Ma posso solo accarezzare con lo sguardo la tua foto, temo quasi di consumarla così facendo; devo farmelo bastare, mi dico da quel 10 giugno 2018, un maledetto giorno qualunque che ti ha strappato alla vita ed alla sua bellezza senza un motivo, senza una ragione. Mi arrovello senza tregua, alla ricerca di una risposta ai miei tanti perché, ma ogni volta torno al punto di partenza con il cuore più pesante e la mente più affollata di pensieri che non trovano pace, riposo, rassegnazione.
Tragica fatalità? Eccesso di velocità? Cattiva illuminazione? Strada dissestata?Distrazione umana? Non c’è attenuante o giustificazione che possa lenire il mio dolore, né spingermi verso una rassegnata accettazione. Il mio cuore, prima che la mia mente, lo sa bene. Ma so anche che il dolore ti cambia solo quando ci sbatti il muso contro. Fino ad allora è qualcosa di lontano e sfocato, qualcosa che non ti tocca, né ti riguarda: pensi che "tanto a me non capiterà mai”.

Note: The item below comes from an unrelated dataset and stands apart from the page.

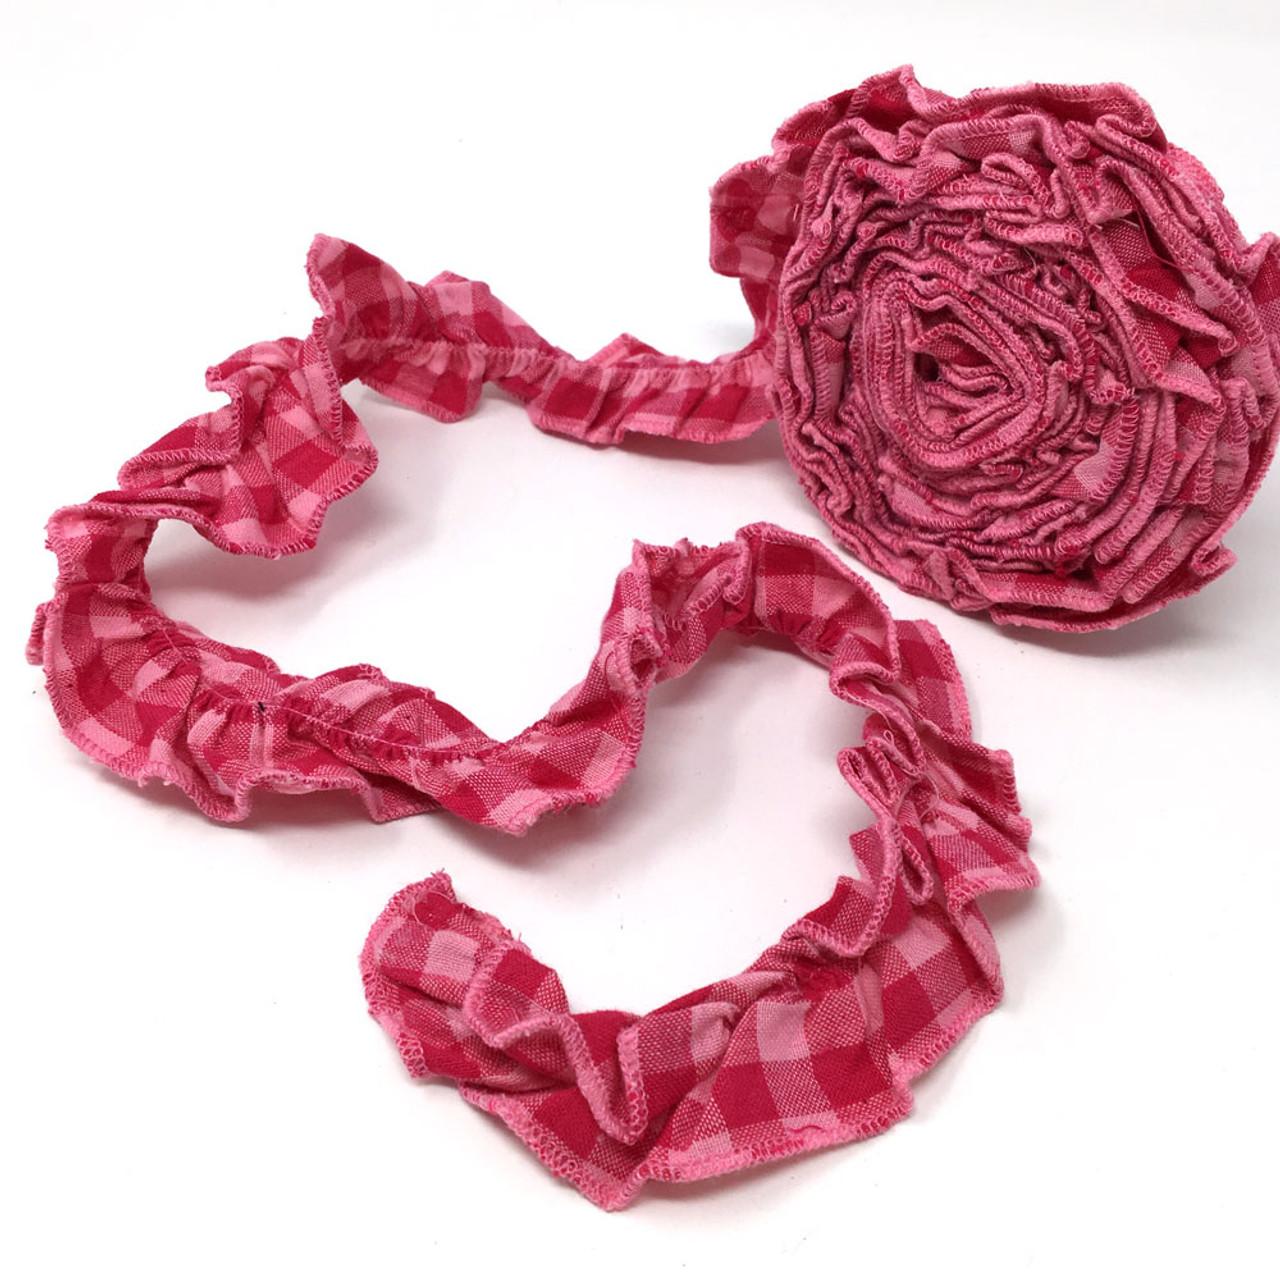 Strawberry Pink 5 Ruffled Trim/Garland  - 1 roll - 144 inches (12 feet)

L’arroganza della giovinezza! Vi vedo, ragazzi: dite di amare la vita, di viverla appieno, ma credete di essere eterni ed invincibili, di poter vivere senza averne cura, in modo irrispettoso e svogliato, magari alzando il gomito, ingoiando pasticche o schiacciando il piede sull'acceleratore perché senza “sballo” non c’è gusto, non c’è divertimento. Ad ognuno di voi io dico, invece, abbiate cura del “presente”, perché è un dono e come tale va protetto con rispetto e buonsenso. Bisogna godere di ogni giorno che ci è concesso.
Mi rivolgo anche al Sindaco di Palermo, genitore anche lui, affinché tragedie del genere non debbano mai più ripetersi e penso ad atti concreti e fattibili: la messa in sicurezza dei tornanti tramite i rinforzi dei guardrail, una illuminazione migliore, la posa di sufficienti dossi limitatori di velocità, le necessarie migliorie al manto stradale pesantemente dissestato ormai incompatibile con una serena e sicura viabilità.
Perché Simona era mia figlia, ma potrebbe essere la figlia di ognuno di noi. Simona SIAMO tutti noi".